Enough. While I have been busy in these pursuits, those of you in and around Clashmore have been providing finished blocks for our Tidy Towns 9 Patch quilt. Here is a gallery, set almost as a quilt if you can imagine the navy blue sashing between the blocks.

Garden Notes: Mother’s Day

There’s a rose flowering outside my studio door! It’s not a great looking rose—I think those that are still buds right now will be nicer. But still—there’s a rose outside my door!

So I’m posting a “Status Update” garden gallery here having gone around the back garden with my phone taking pictures so we can compare them to what we will see a month from now. Working on the reusable masks has taken up quite a bit of time—I try to keep that project to days when it’s gray and cloudy but that doesn’t always work out. Yesterday, I went into the greenhouse and did some pricking out and potting on, especially the Cape Gooseberries. Twelve seedlings came up and they were just at the point where the roots might get hopelessly entangled. I also pricked out the rest of the basil. I already gave four away small pots away to a neighbor who has a poly tunnel and will really enjoy planting them with her tomatoes.

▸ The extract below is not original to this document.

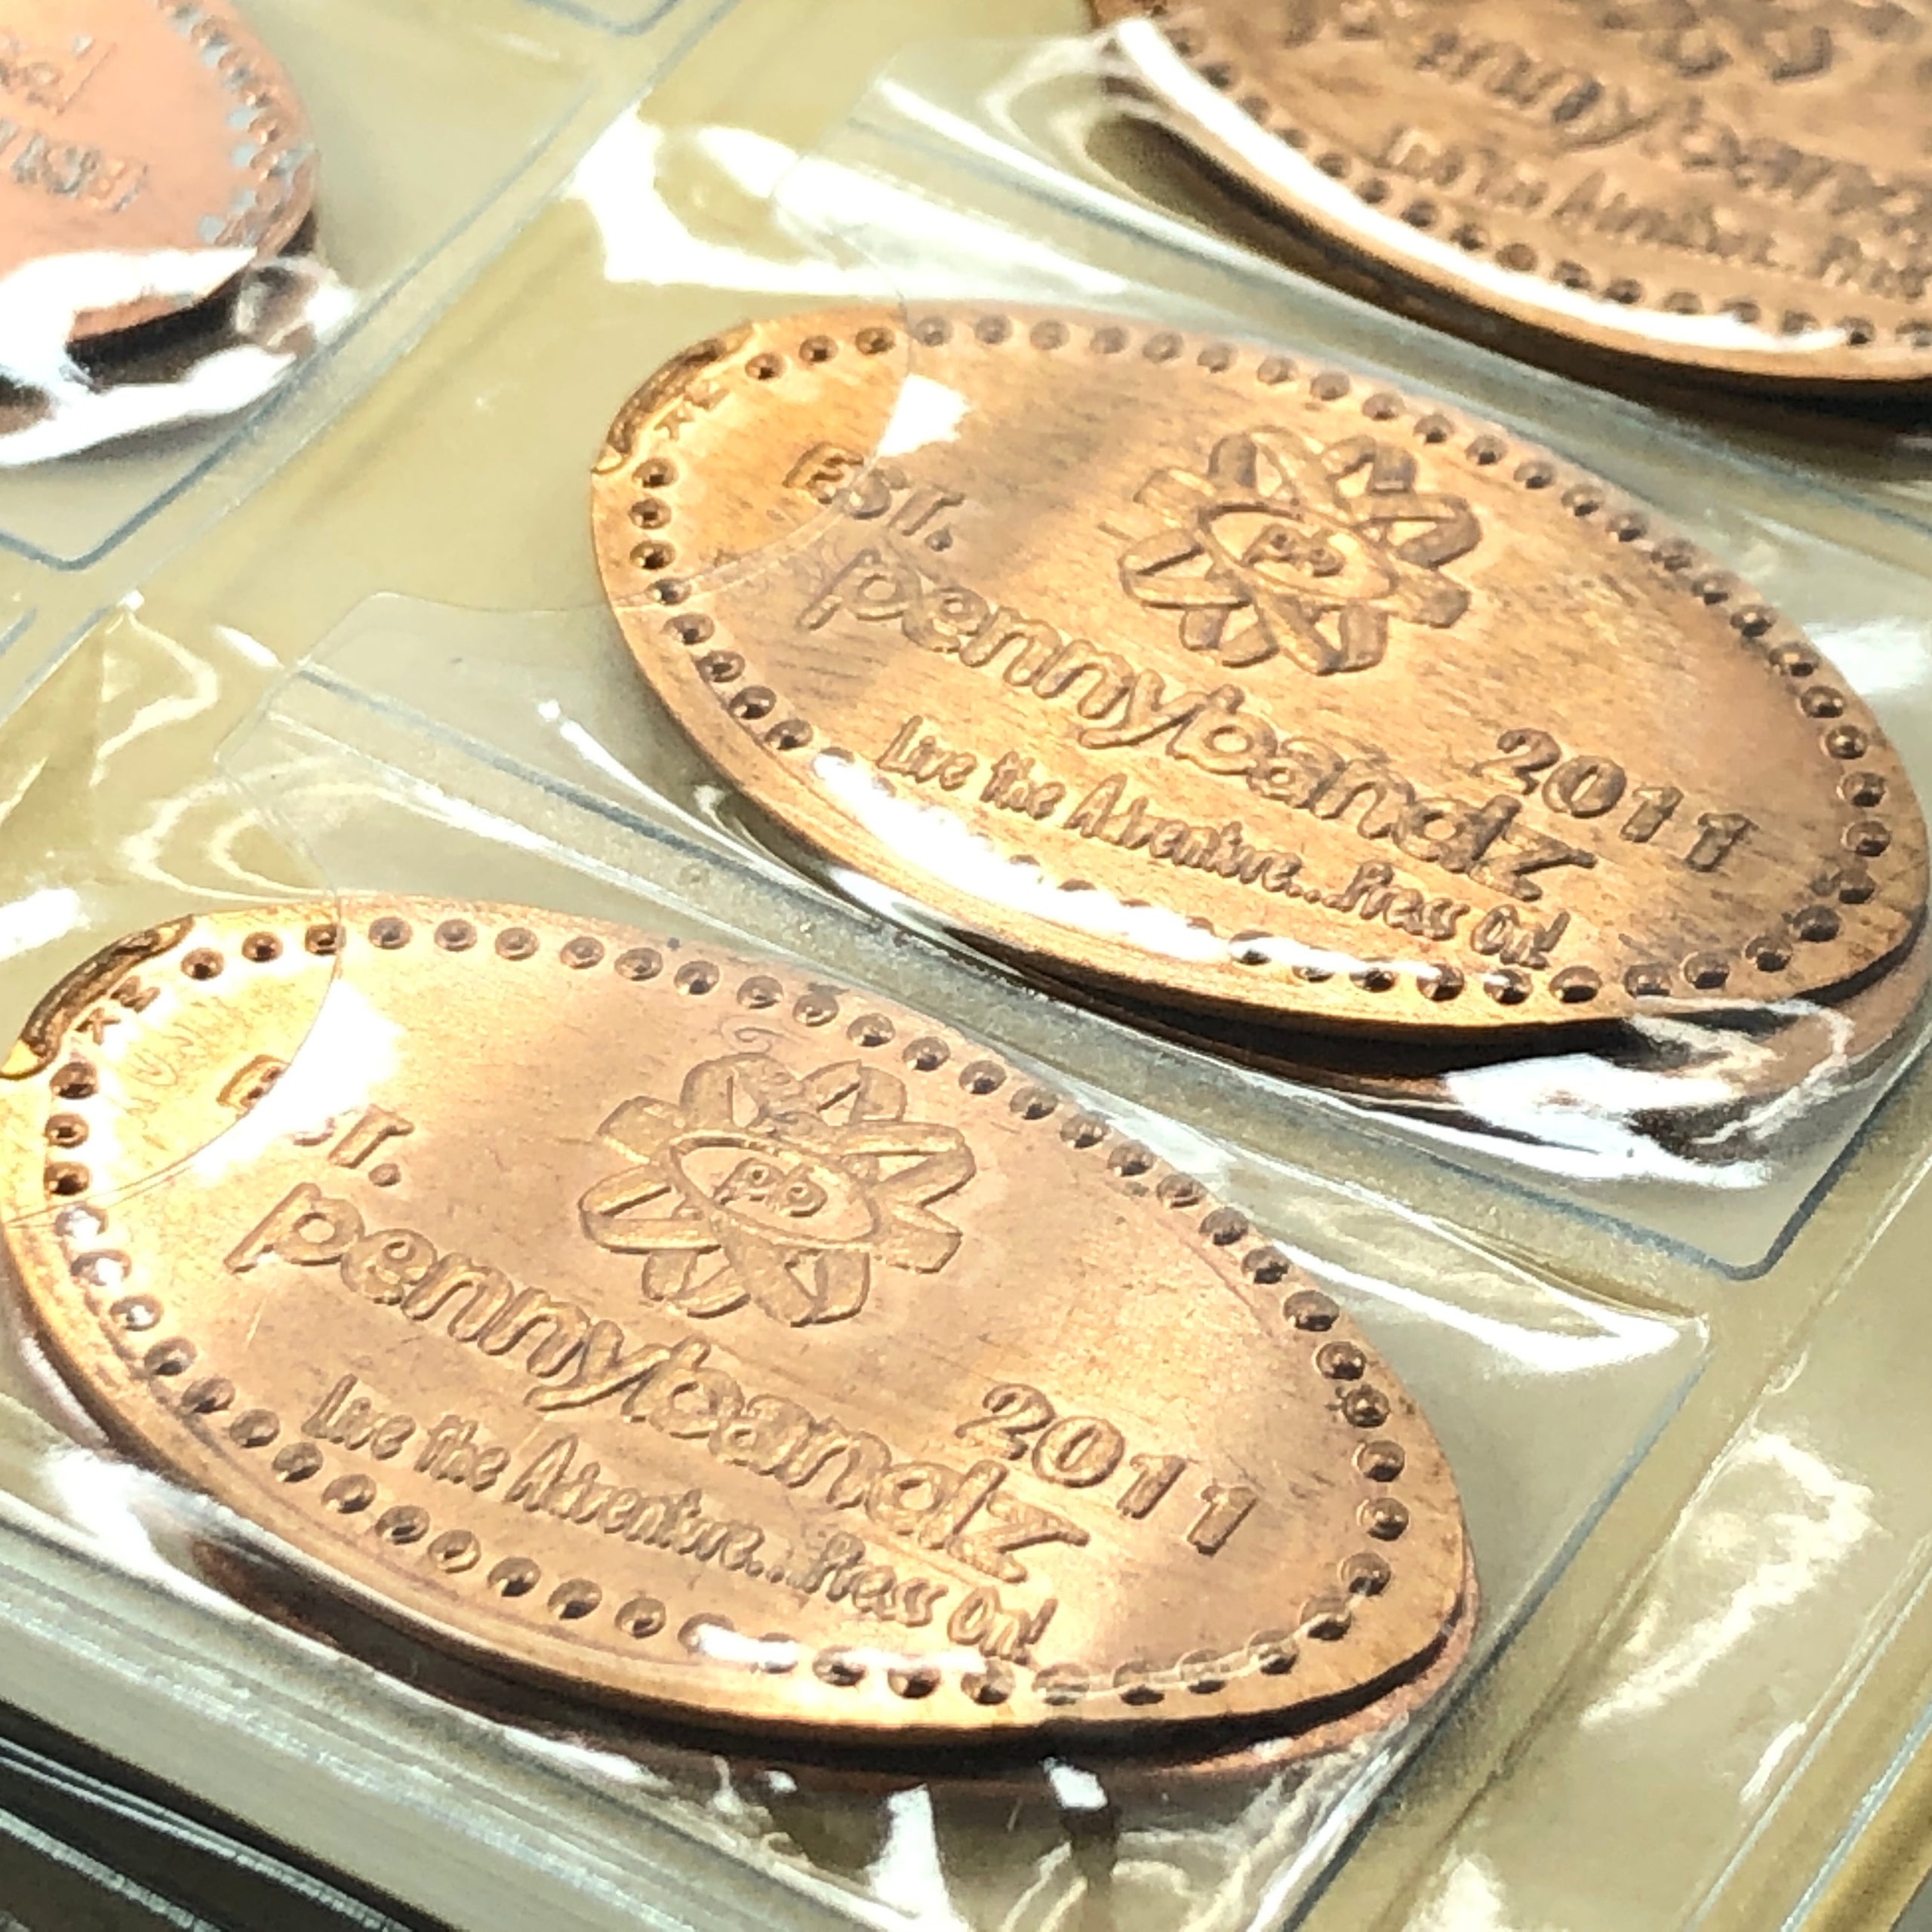 Medallion Journal™ by Pennybandz® in Rustic Brown - Holds 42 Souvenir –  Pennybandz Wholesale

I’ve never successfully raised tomato plants from seed before. I would either forget watering them or have them on a windowsill, all spindly craning toward the sun. I generally ended up getting plants from the garden centre and growing from there.

This year is different. I have three varieties that I’ve pricked out into pots and, much to my surprise, they are magnificent! I’m going to wait until Memorial Day weekend (May 25) and put the best into large pots to grown in the green house. I’ll try a couple outside as well in the front garden where there is sun all day. And I might try Gardener’s Delight in hanging baskets outside the kitchen door.

Another surprise is that the summer fruiting raspberries are setting blossoms. Not all the canes, but a few are showing signs of flower buds. We didn’t expect to see any fruit on those until next year. The blueberries also have little bell like flowers on them. I doubt we’ll have many fruits to pick because the birds will get to them first. But maybe that will convince Robbie that we need to build a couple of berry cages.

All the potato bags and drills have sprouted and we are only a day or so away from hilling up with more compost or straw. Robbie’s watercress has really taken off and is growing madly down our little brook to the pond.

My last garden task yesterday evening was planting out the sweet peas all around the Bird tree. It’s really a tall stump of a tree that died some time ago — long before we got here. It is the perfect edifice for the bird feeders and also is the anchor for our clothes line. All around the bottom we’ve planted primroses and laid rocks to keep the grass and weeds somewhat under control. I didn’t have much luck with sweet peas last year but I’m willing to try again. I’ve ringed the Bird tree with bamboo cane to give the peas something to climb on. Another experiment.